Pankhuri Malik is an IPilogue Writer, IP Innovation Clinic Fellow, and an LLM Candidate at Osgoode Hall Law School.
On June 8, 2022, Apple took a hit to its trademark portfolio when it lost another trademark battle with Swatch, the famous Swiss watchmaker, before the General Court of the European Union. Through its judgment, the General Court upheld lower court decisions revoking Apple’s rights in its THINK DIFFERENT trademarks.
Apple v Swatch 3.0?
This case is not the first time Apple has lost in court to Swatch. In 2016, Swatch successfully opposed Apple’s trademark application for the mark “iWatch” before the UK Intellectual Property Office, forcing Apple to call its smartwatch “Apple Watch.”
Then in 2021, a UK High Court permitted Swatch to seek trademark protection for Steve Job’s famous phrase “One More Thing.” The Court did not find evidence of bad faith in Swatch’s application, though it noted that Swatch had filed it only to annoy Apple.
Now, Apple has lost its third, or rather fourth trademark battle against Swatch.

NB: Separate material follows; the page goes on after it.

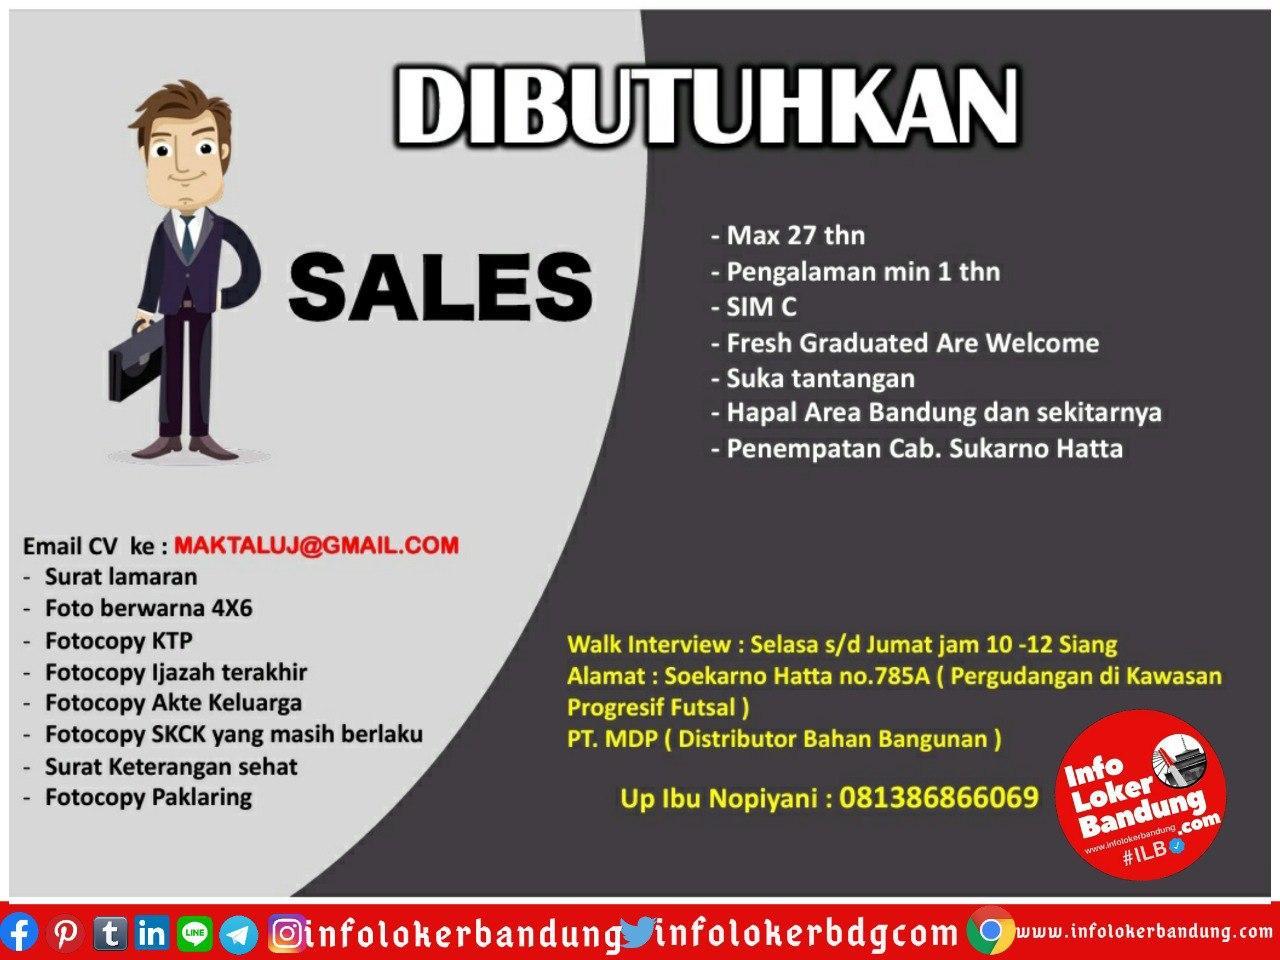 Lowongan Kerja Sales PT. Maktal Distribusi Pratama Bandung Juli 2020

In 2016-2017, Apple and Swatch, locked horns regarding their “Think Different” and “Tick Different” marks. In 2016, Swatch filed three applications before the European Union Intellectual Property Office (EUIPO) seeking revocation of Apple’s “Think Different” marks on grounds of non-use. Then in 2017, Apple sued Swatch for trademark infringement against its mark “Tick Different”, an action it lost in 2019 before the Federal Administrative Court in Switzerland. Apple claimed that the mark was deceptively similar to its “Think Different” marks. But the court found that the marks were more dissimilar in the eyes of the average consumer.

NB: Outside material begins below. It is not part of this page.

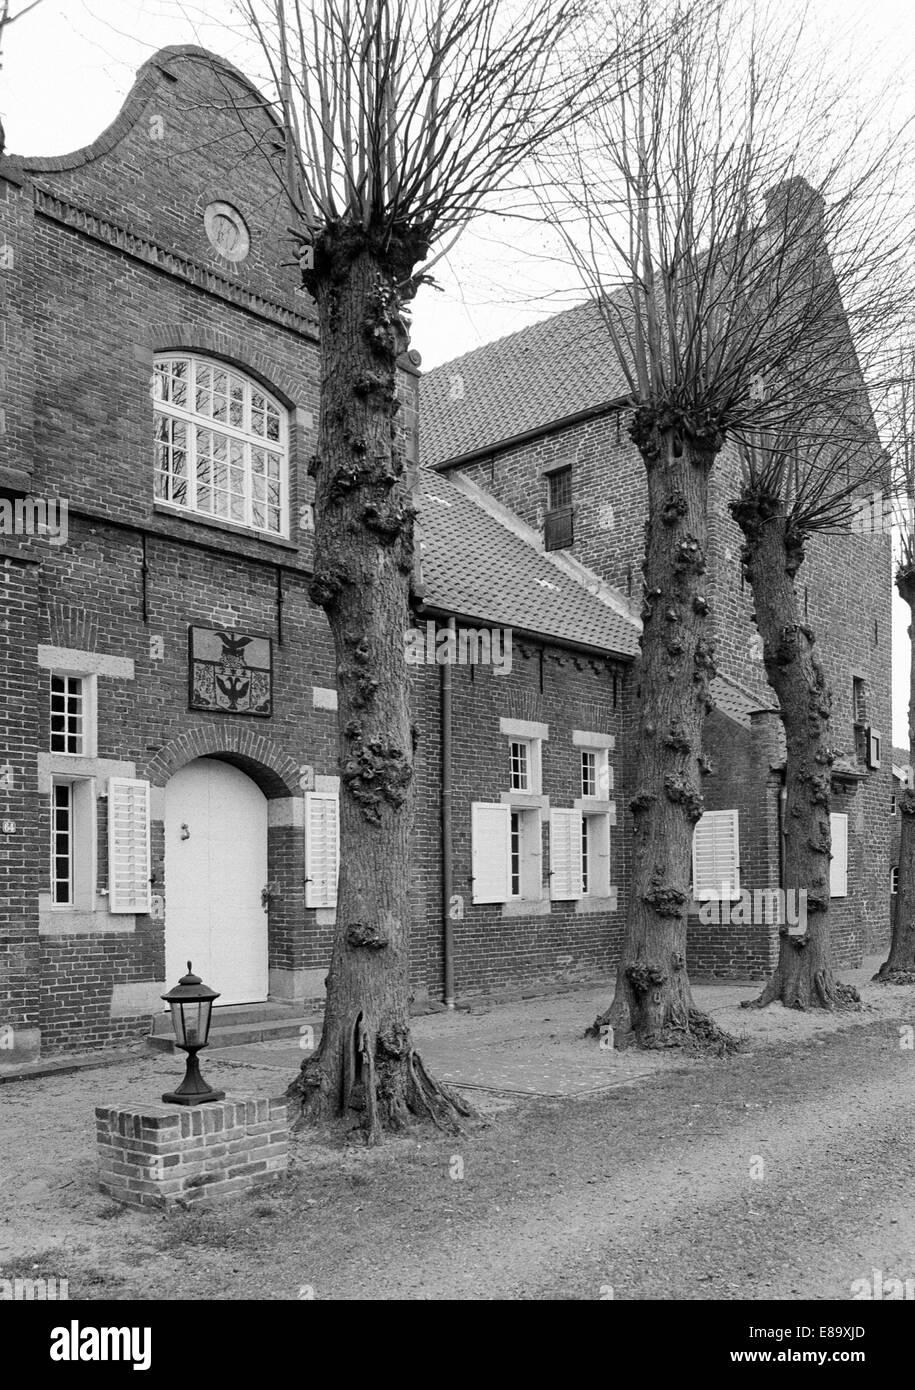 Achtziger Jahre, Steinhaus Bunderhee, heute Museum, im Mittelalter Haeuptlingsburg und Haeuptlingssitz Ostfriesischer - Stock Image

Now, the proceedings emanating from Swatch’s revocation petitions have finally come to a head. In 2018, the Cancellation Division of the EUIPO revoked Apple’s rights in its “Think Different” marks, a decision that was upheld by the Board of Appeal in November 2020. On June 08, 2022 the General Court of the European Union dismissed Apple’s applications for review of the Fourth Board of Appeal’s decision.
The Turning Point
The crux of the issue came down to evidence. Swatch filed the revocation petitions on October 14, 2016, so Apple was required to present evidence showing “genuine use” of the mark in the immediately preceding five years. “Genuine use” of a mark can only be found when it has been used to distinguish the goods to identify their origin.
In Apple’s case, the mark “Think Different” was used extensively till 2002, when its use mostly faded with the launch of the MacBook. The court noted that the mark does not appear prominently on Apple’s products nor does it draw consumer attention. The court also stated that “Think Different” had not been used to satisfy the essential function of a mark; in essence, to identify the origin of the goods.
Apple was required to submit evidence corroborating its use in the five years immediately preceding Swatch’s applications. The court noted, however, that Apple’s evidence either does not show genuine use or falls outside the scope of the five years.
The decision effectively makes the mark “Think Different” fall in the public domain and is closely preceded by chatter about Apple’s unethical trademark practices. While this battle between the companies seems to have ended, it will be interesting to see if they will oppose each other again.